Görsel
ankara_mimarlar_odasi

MLSA

Mimarlar Odası Ankara Şube Başkanı Tezcan Karakuş Candan ve dönemin 6 Yönetim Kurulu üyesinin “terör örgütü propagandası yapmak” suçlaması ile yargılandığı davanın ilk duruşması Ankara 25. Ağır Ceza Mahkemesinde görüldü. 

Duruşmaya TMMOB Yönetim Kurulu Başkanı Emin Koramaz, İHD, ÇGD, TGS temsilcilerinin yanı sıra birçok izleyici katıldı. 

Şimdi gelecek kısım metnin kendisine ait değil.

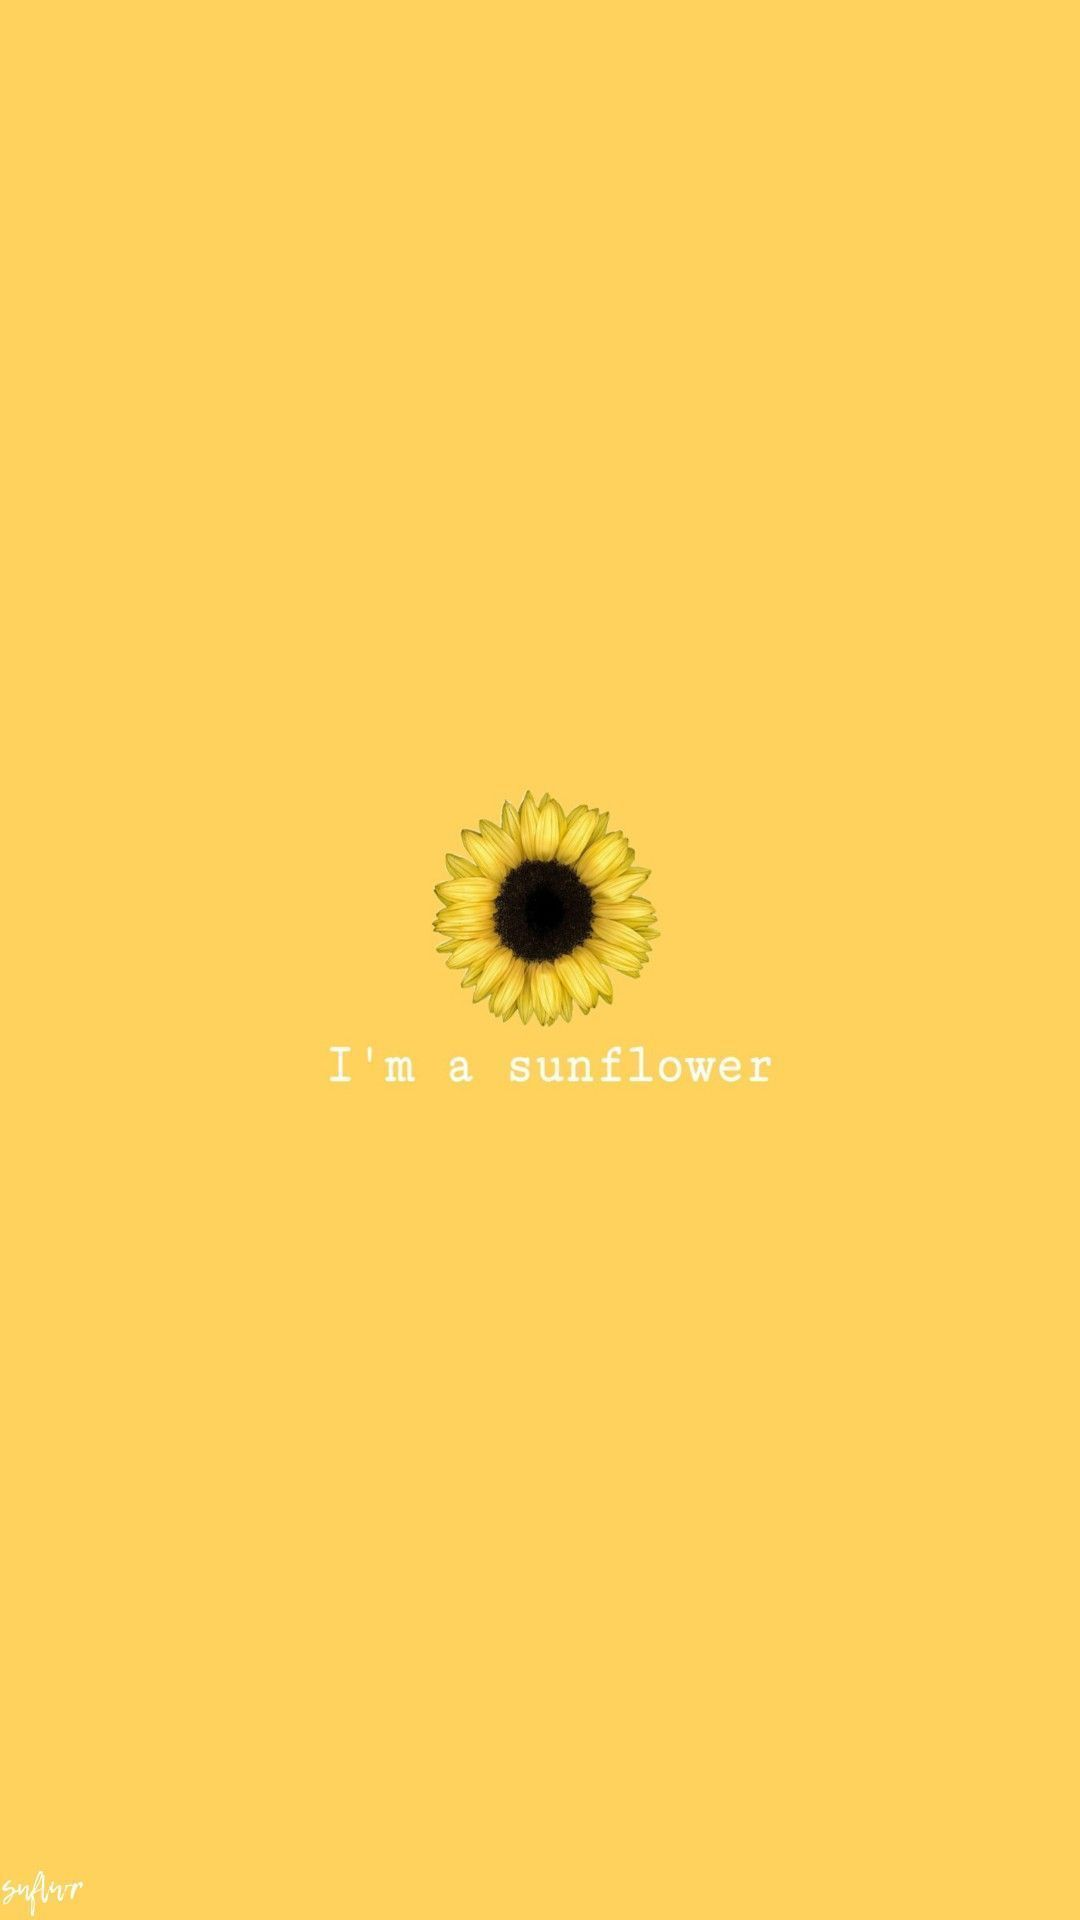 Girasole Yellowastheticwallpaperiphone Sunflowerwallpaper Girasole Sunflower Wallpaper Yellow Wallpaper Sunflower Iphone Wallpaper
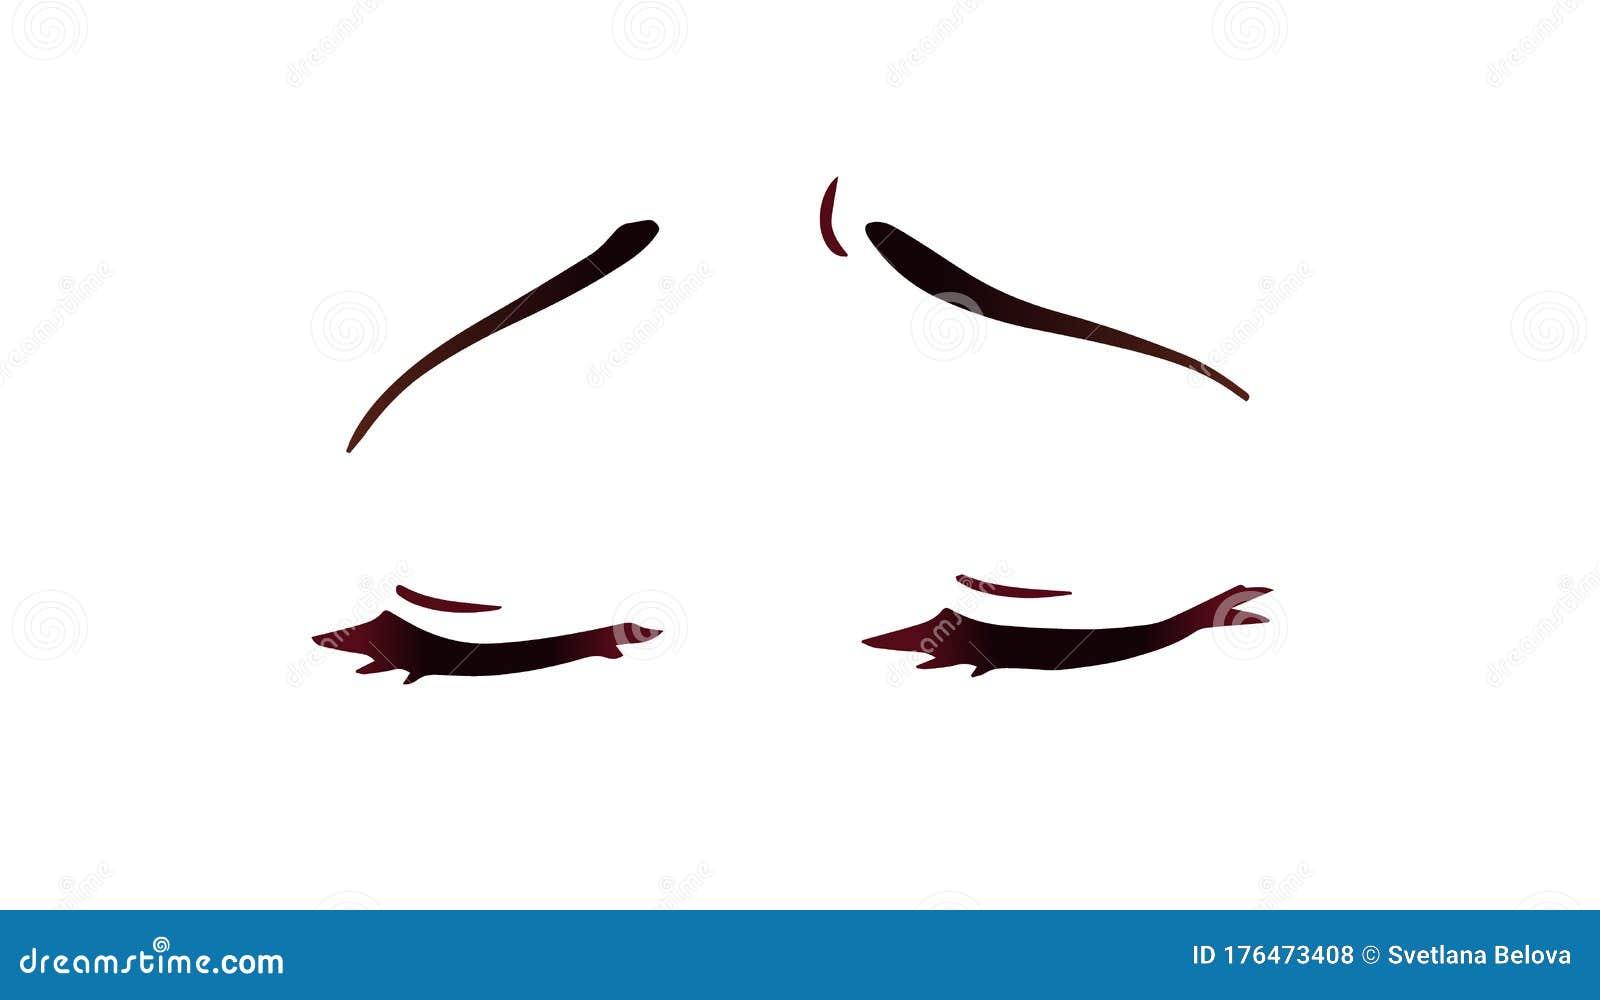 Sad Anime Face Manga Style Closed Eyes Hand Drawn Vector Cartoon Illustration Stock Vector Illustration Of Japanese Dramatic 176473408

Davada, Mimarlar Odası Ankara Şube Başkanı Tezcan Karakuş Candan, Mimarlar Odası Ankara Şube Sekreteri Nihal Evirgen ve Yönetim Kurulu Üyeleri Muteber Osmanpaşaoğlu, Ünal Kara, Tuğba Arslan, Ece Yoltay ile Özgür Bayramoğlu savunma yaptı. İddianameye itiraz ettiklerini belirten üyeler, kültürel varlıkların korunması, çevre tahribatları gibi konularda haber yapan gazetecilere verilen bu ödülün “terör örgütü propagandası” suçu olarak değerlendirilemeyeceğini ifade ettiler.

Mimarlar Odası Ankara Şube Başkanı Tezcan Karakuş Candan savunmasında şunları söyledi:

“Ülkedeki hukuksuzluğun örneklerinden olan bu dava, susturma operasyonunun bir parçasıdır. Çevre haberi yapan gazeteciye ödül verdik diye Mimarlar Odası Ankara Şube yönetimine dava açılması kabul edilebilir değildir. Biz bu ödülü 2013 yılından beri vermekteyiz ve Mimarlar Odası Ankara Şubesinin haberlerini yapan gazetecilere vermekteyiz. Kimin terör örgütü üyesi olup olmadığının sorgulamasını yapamayız. Öyle bir istihbarat birimimiz yok. Mimarlar Odası Ankara Şubesi istihbarat örgütü değildir. Çevre haberine verilen bir ödülün  terör örgütü konusu haline getirilmesine ülkem adına üzgünüm. Haberlerimizin kamuoyunda görünürlüğü açıktır. Tüm medya organları  kamu yararı  ve kent mücadelemize  yayınlarında yer vermektedir. Sadece bir yıl içinde 675 kez televizyonlarda, bin 500 kez yazılı basında, milyonlarca kez sosyal medyada haberimize yer verilmiştir. Terör propagandası yapmıyoruz, çevremizi doğamızı kültürel varlıklarımızı koruyoruz. Cumhuriyet’in bize emanet ettiği mekânsal değerleri korumaya devam edeceğiz. Kültürel varlıkların yok edilmesine ve HES’lere karşı mücadele ederken, mücadelemizi haberleştiren basın mensuplarına ödül vermeye de devam edeceğiz. Mimarlar Odası Ankara Şubesi Yönetim Kurulu’nun hiçbir terör örgütü ile ilişkisi yoktur ve mücadelemiz de bu ülkenin taşını, toprağını satanlara karşıdır.”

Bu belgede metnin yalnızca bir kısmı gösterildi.